Working with undergraduates years ago, Murray Baker was struck by how many of the students were force to juggle part time jobs with their course work. “They were terribly concerned about the level of debt they would have at graduation,” he says. Financial advice books addressed baby boomers, investments, and RRSPs, but “there was nothing specifically for students.” The result is Mr. Baker’s bestselling The Debt-Free Graduate, now in its 7th printing.
Mr. Baker’s number one recommendation for students and their families: it’s never too early to start a Registered Education Savings Plan. “There are even ‘airmiles-type’ plans that can be set up prior to the child’s birth,” he notes. And if your child is only five or six years away from finishing high school? “Better late than never,” he advises.
The RESP allows the earnings on deposits to accumulate on a tax-deferred basis. As the student withdraws funds from the plan, the earnings are considered the student’s income “and taxed at a much lower rate, because students generally aren’t earning all that much,” Mr. Baker says. The federal government kicks in an additional 20 per cent of the first $2,500 in annual RESP contributions in the form of the Canada Education Savings Grant (CESG); for lower income families, this benefit jumps to 40 per cent for the first $500.

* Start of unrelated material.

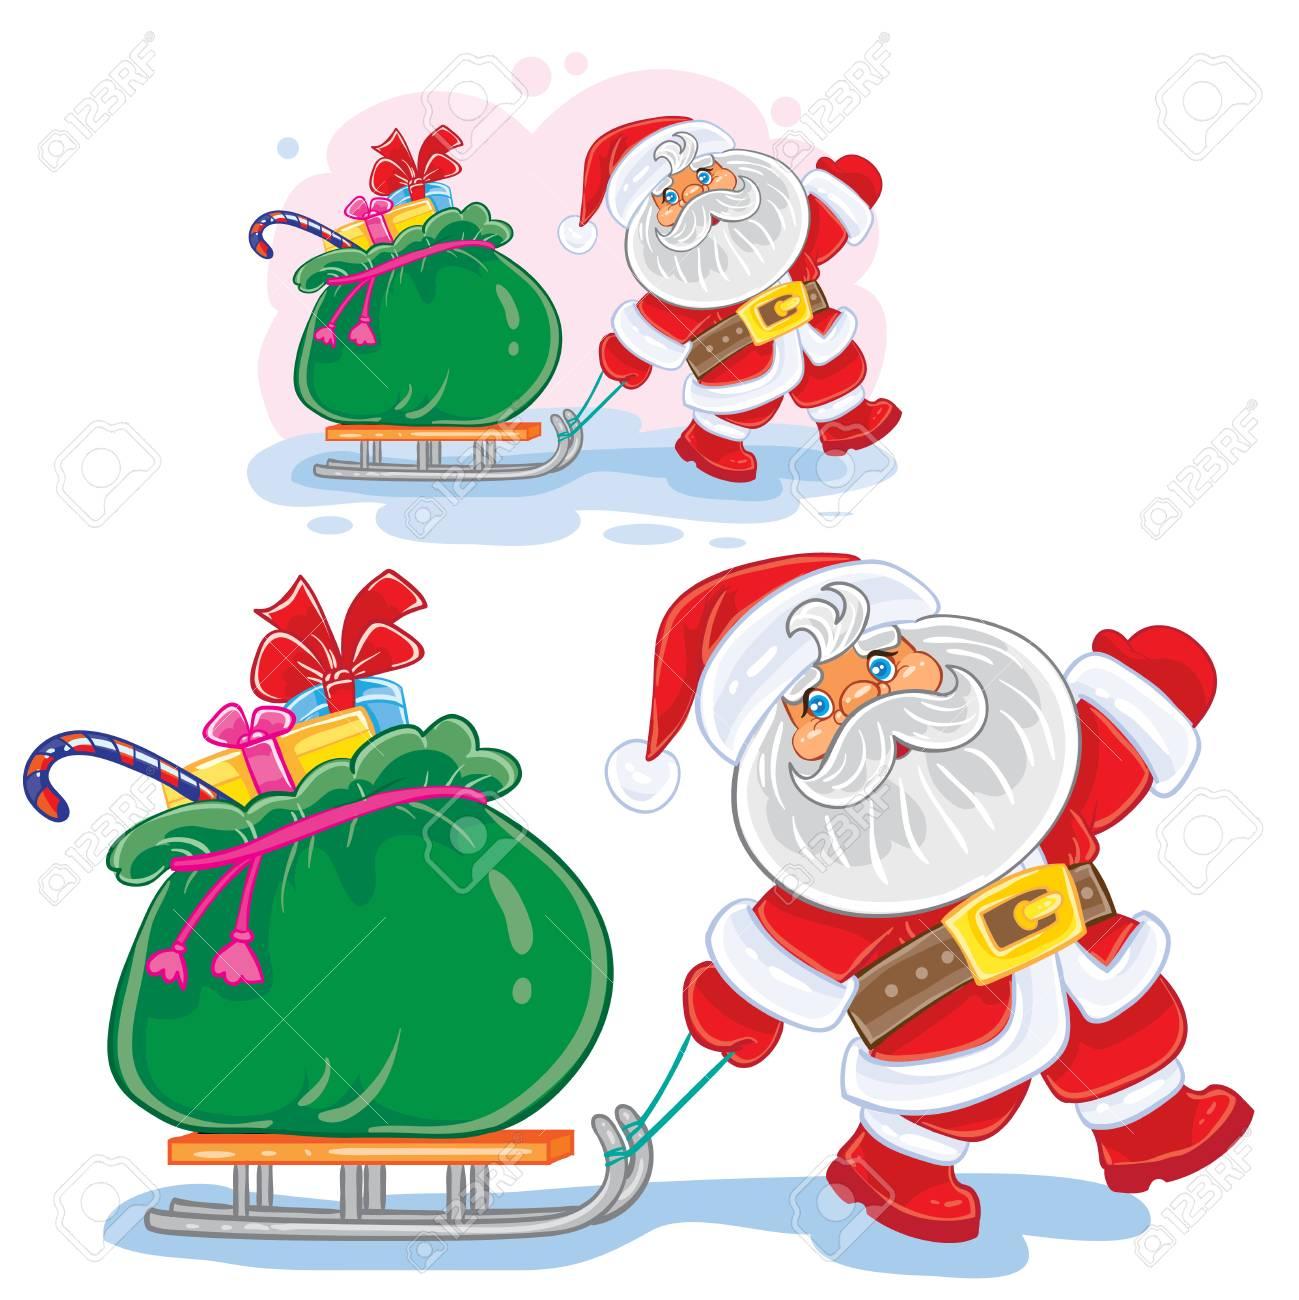 fabriquer untraineau du pere noel Banque du0027images - Vector hiver Noël, illustration de la nouvelle année Le père  Noël tire un traîneau avec un sac de cadeaux.

Recent enhancements to the RESP and associated programs include:
- raising the maximum amount Ottawa will pay into an RESP annually through the CESG from $400 to $500
- Eliminating the $4,000 annual contribution limit
- raising the lifetime limit to $50,000 from $42,000
- allowing students taking part-time studies to draw from their RESPs.
“The plan’s a lot more flexible now. For example, if your child ends up not using the RESP, you can contribute the principle and part of the interest to your RRSP,” Mr. Baker says. But plans vary: look carefully at their associated administrative fees and the risk level of the investments.